Del anonimato de los primeros días, internet ha pasado a cobijar a personas que difunden su rostro, identidad y aficiones. Margarita Padilla rastrea las pistas de esta política de lo personal en las redes.
Hackers enganchados de
noche al ordenador en
un caos de suciedad, comida
basura y anfetas.
En los años ‘80 el ciberespacio era
un lugar para la liberación: podías
habitarlo con una nueva identidad,
o con muchas y distintas, sin miedo.
Si en última instancia el poder
es poder matar, en el ciberespacio
nadie podía matarte.
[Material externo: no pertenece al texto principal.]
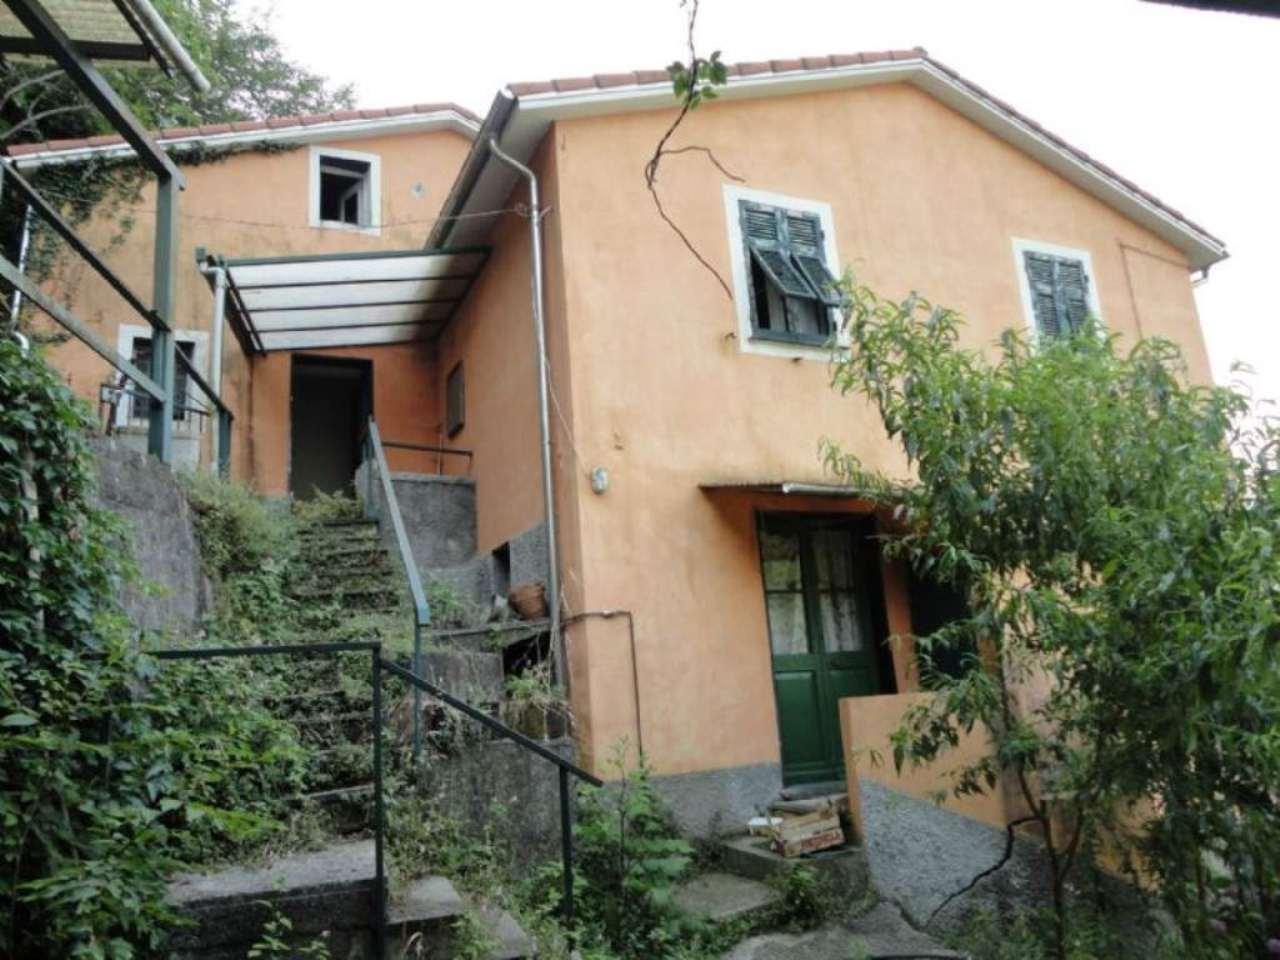 Soluzione Indipendente in vendita a Moconesi, 10 locali, prezzo € 90.000 | Cambio Casa.it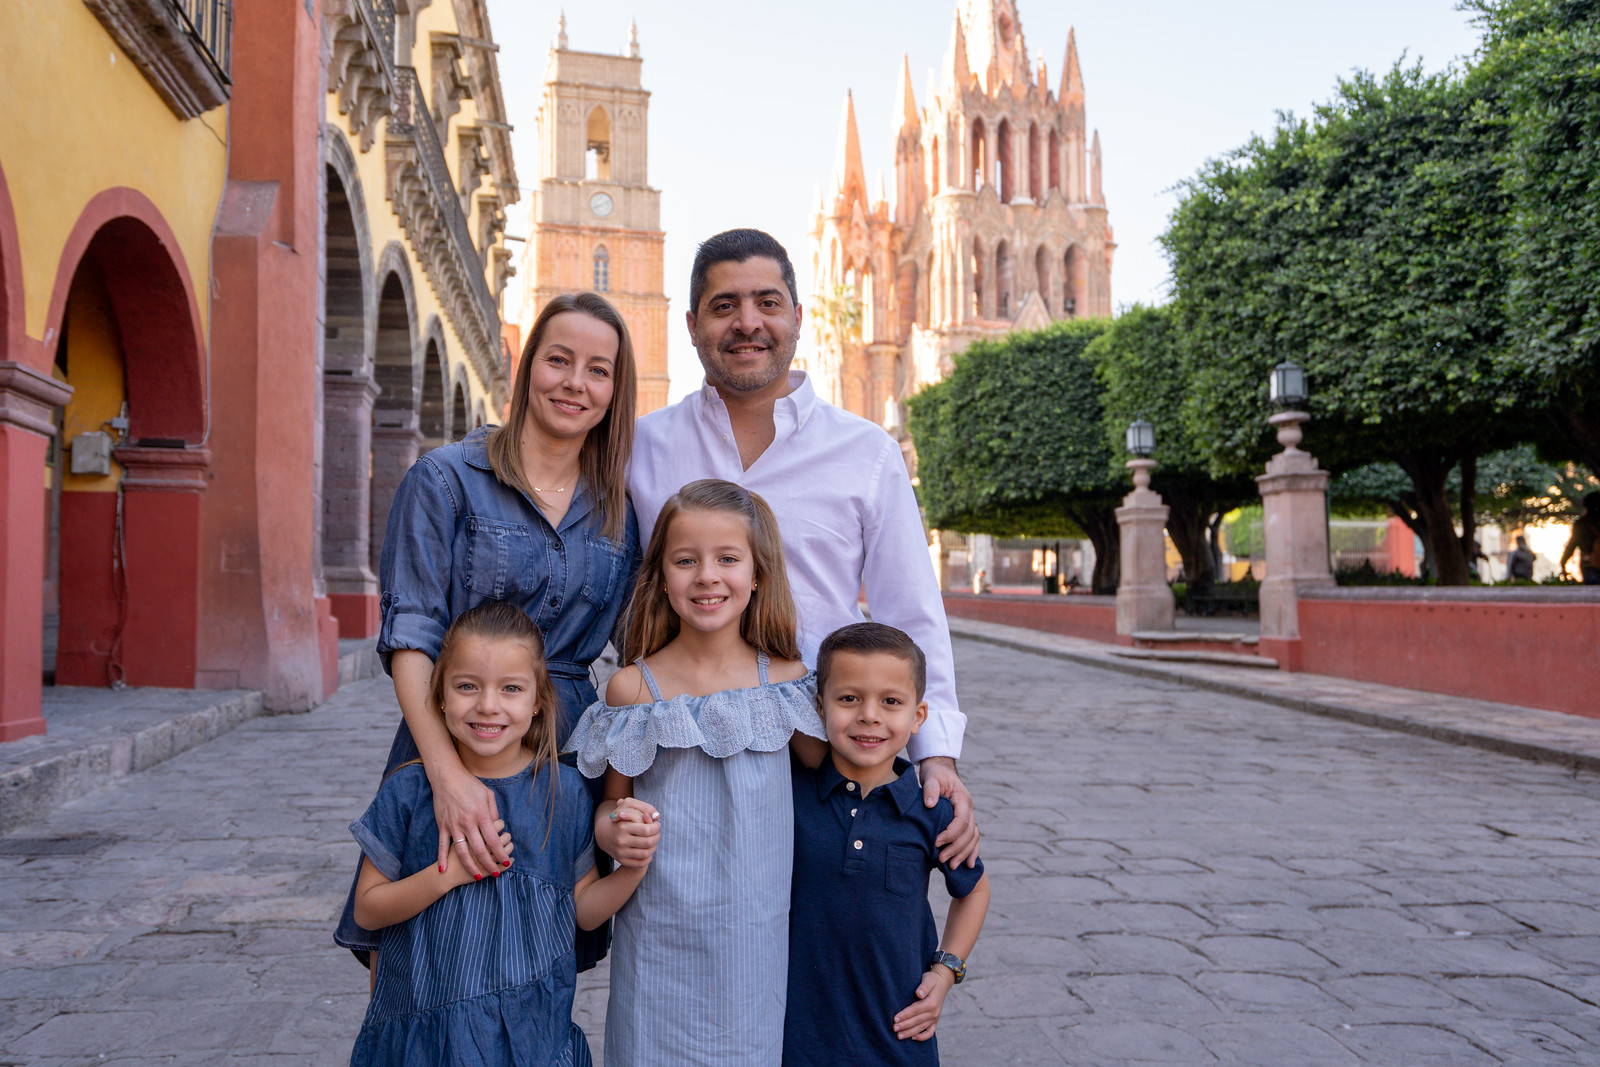 Sesion de Fotos Familiar en San Miguel de Allende con Jimena y su Familia-4.jpg

Una alianza
táctica reunió a linuxeros, techies,
nerds, freaks, militantes y muchos
otros pirados. ¿Objetivo? Hacer la
red okupándola, con alevosía y nocturnidad.
¿Los medios? El software
libre, la guerrilla de la comunicación,
el travestismo de las identidades,
los alias y los nombres de guerra,
la telemática antagonista y muchas,
muchas formas de ilegalidad.
La componente más política de esta
alianza imprimió estrategia y
sentido a la espontaneidad del underground.
A nadie se le hubiera
ocurrido, en esos tiempos, poner
su foto en la web.
Pero estamos en la Web 2.0. La
tendencia ya no es construir un
espacio otro al mundo físico sino
llevar al espacio virtual todas las
facetas de mi ‘yo’ (compromisos,
aficiones, mascotas, curro o vivencias).
¿Por qué? Porque en la
Web 2.0 una voz tiene más fuerza,
legitimidad y veracidad cuanto
más real y física sea.
¿Entonces ya no se puede hablar
de anonimato en la red? Todo
lo contrario. Paradójicamente, la
densidad de ‘yoes’ que sobreexponen
sus datos personales conforma
espacios de anonimato
(Wikipedia, blogosfera, MySpace,
Twitter, Facebook, YouTube y un
largo etcétera) que son de todos y
de nadie porque no son espacios
de representación y por tanto cabe
cualquiera.
Sin duda YouTube es un grandísimo
negocio pero no es un espacio
de representación (en el sentido
en el que sí lo es, por ejemplo,
un sindicato). Y mucha gente prefiere
exponerse en esos espacios
de anonimato antes que hacerlo en
los de colectivos sociales o políticos
que sí intentan representarte,
que están diseñados para que no
quepa cualquiera y donde, precisamente
por ocultar todo lo personal,
desconfías porque no ves personas
de carne y hueso.
Los espacios de anonimato crean
algo de todos y cualquiera que,
cuando se tensa, tiene la capacidad
de (auto)convocarse (13M, V
de Vivienda, 15M...).
La militancia (a excepción, quizá,
del universo copyleft) que no
quiere contaminarse con la ambigüedad
tiene reticencias para establecer
alianzas con este anonimato
en primera persona. Pero
los espacios de anonimato no son
pura desorganización. Están cuajados
de infinidad de tonalidades,
habitados por comunidades de todo
tipo con las que se deberán sellar
nuevas alianzas, una vez que
las viejas están agotadas (que no
fracasadas).
Los espacios de anonimato en
primera persona se corresponden
con una “política de las personas”,
una política cuya fuerza opera en
una nueva recombinación de lo
público y lo privado, que ya no es
exactamente ni público ni privado,
y que a la gente le gusta llamar
“lo personal”.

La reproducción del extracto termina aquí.